On the surface, it's puzzling. The World Wide Web has become an information source, and the latest news and pictures of the attacks appeared very quickly. But many people still turned to newspapers the next morning.
Some papers made "extra" afternoon editions on Sept. 11, while others (including the Press Journal) decided to gather news for a larger paper and a larger press run on Sept. 12.
Why, in this age of the Web, did people want a copy of not only the Press Journal but so many other papers?
The reason may be that, while the Web offers news quickly and cable-news channels can show events live, there's a permanence to the "hard copy." You can keep it to show to future generations.
Indeed, one of my childhood memories is seeing some of the newspapers from the days surrounding the assassination of JFK. Someone in my family saved them, and it was fascinating to see not only the news coverage and the many sidebars but also the advertisements and comic strips from a time when I was still a baby.
On my last visit to New York, one of my uncles, in going through part of his garage, found a paper bag containing newspapers from the day World War II ended in the Pacific. It was fascinating to read the stories of the celebrations that went on that day, and see the other, more mundane parts of the paper as well.

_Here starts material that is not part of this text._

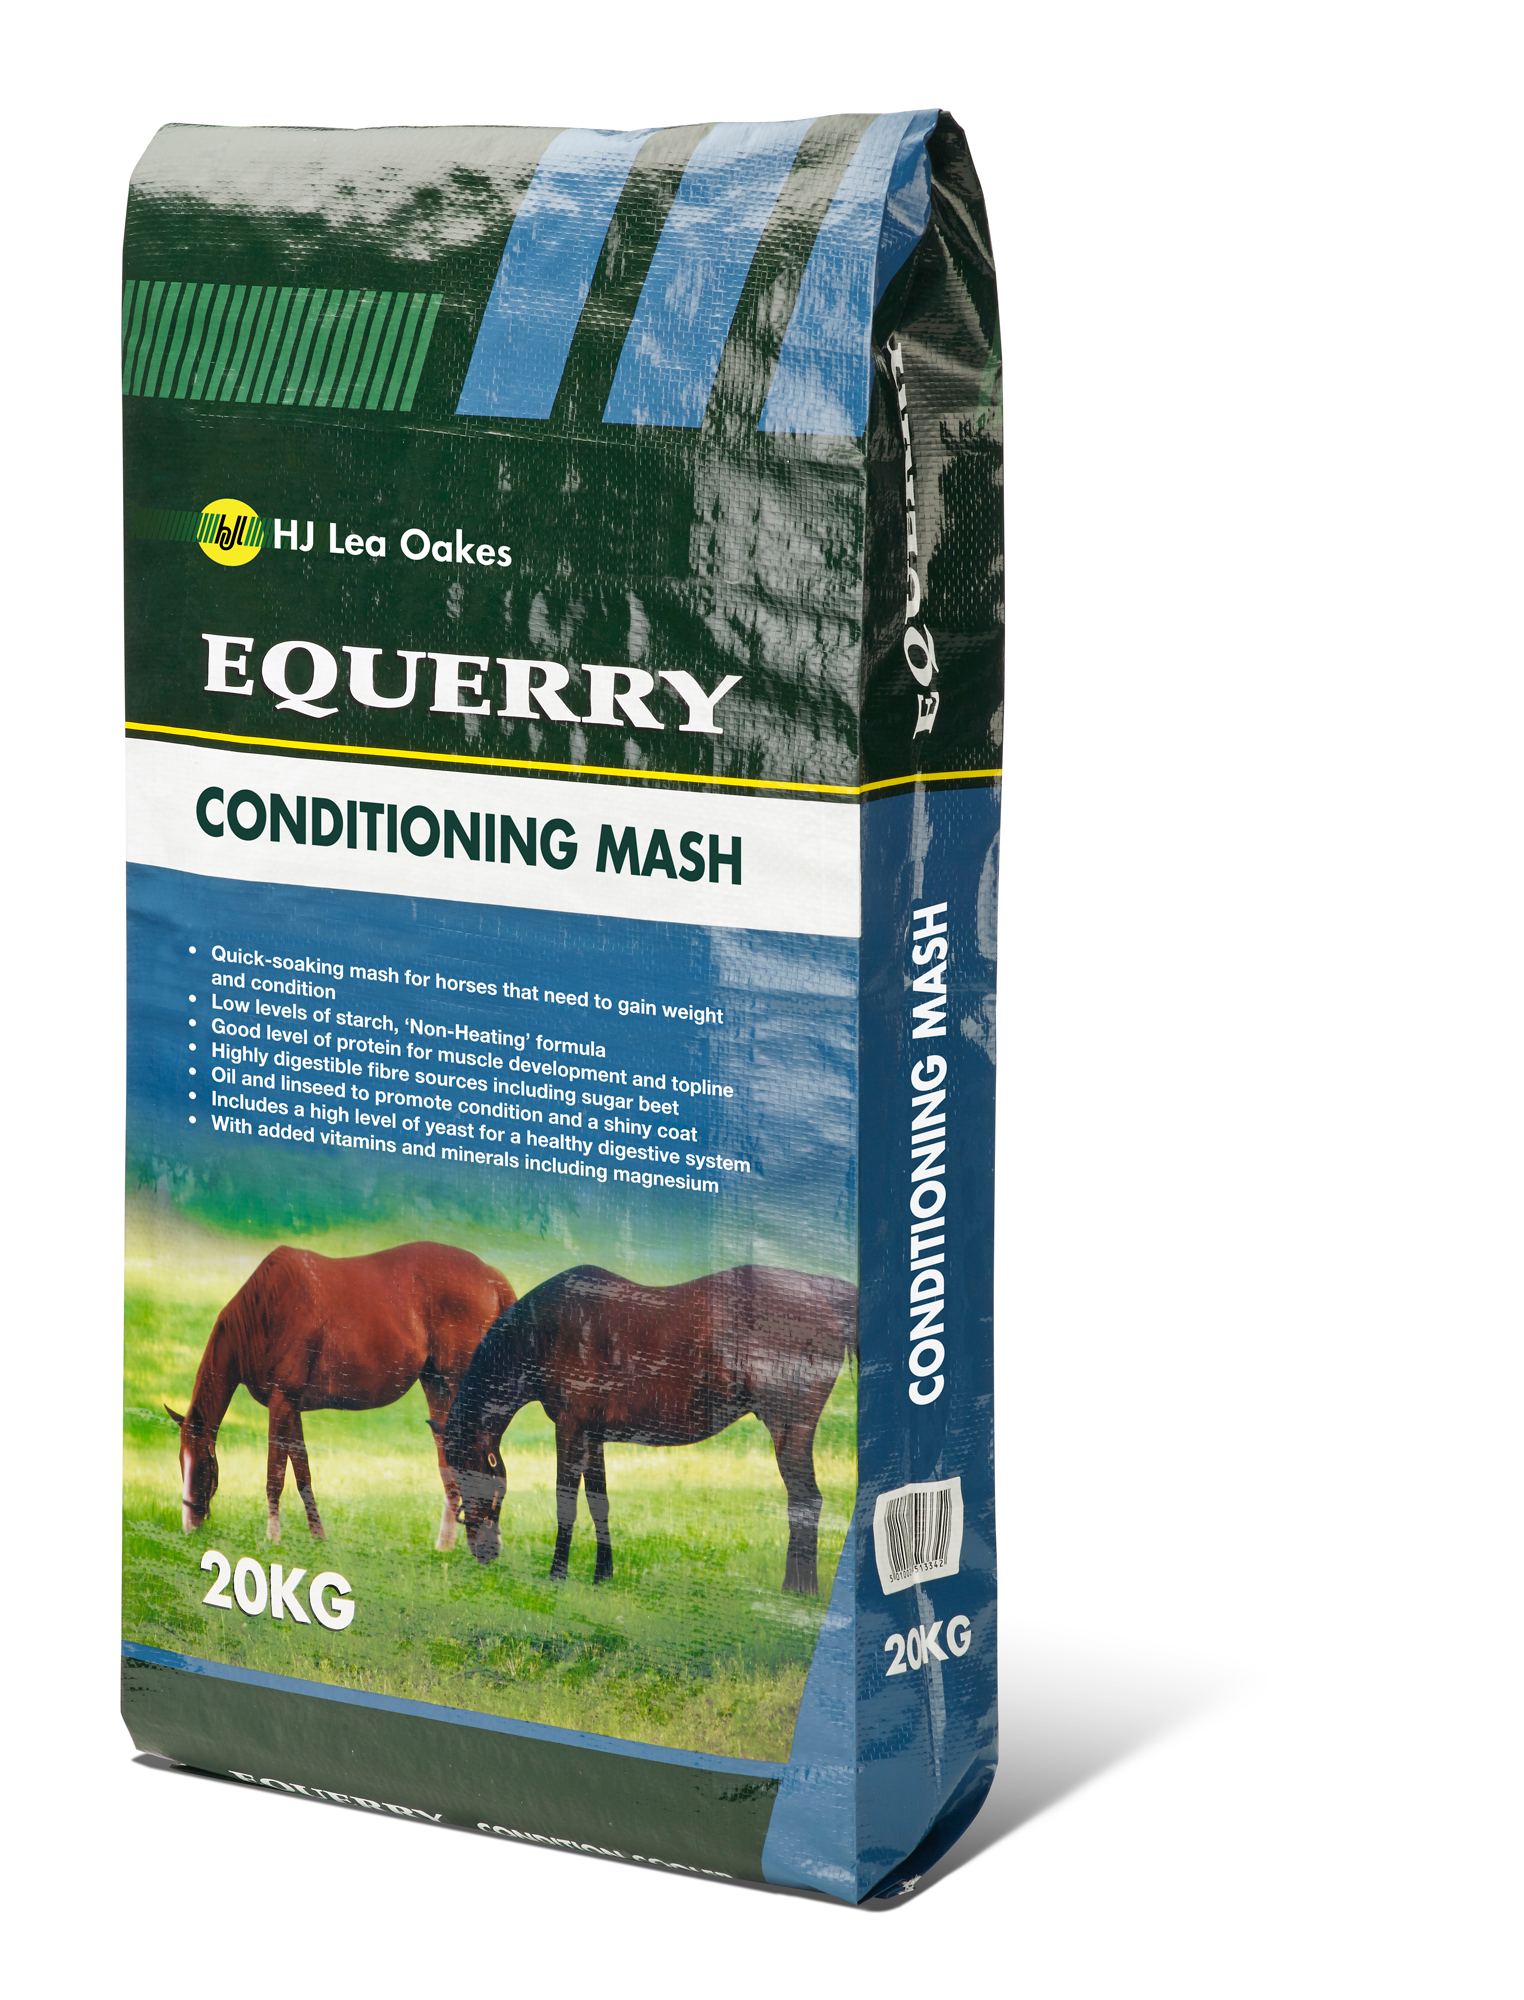 Equerry conditioning mash special offer

You can read about the Pacific war in countless history books and watch it on the History Channel, but those crumbling old newspapers had a lot of information that isn't normally available.
I'm sure someone somewhere was taping on his or her VCR the Sept. 11 coverage as it happened, and there's a Web site (www.archive.org) that's saving old Web pages and has an archive of news sites devoted to the Sept. 11 attacks.
But for years to come, I'm sure closets and attics will have newspapers from the day of the attacks and the days that followed.
Back when I started working on news Web sites, there was little thought to saving them for future reference. Maybe we were shortsighted or just too busy trying to learn how to use the new medium. But it never occurred to us to save those front pages of our sites, though we did save the pages linked to from the front.
Time has brought understanding, though, and many Web sites now save their old front pages. The Internet Archive is a fascinating look back at not only Sept. 11 but the early days of the Web, with many famous sites as they looked back in the mid-1990s.
Call me sentimental for the old ways, but while I use the Web for breaking news, a pile of newspapers still gets my vote as the best way to preserve history and historic events for future generations. It seems others feel that way, too.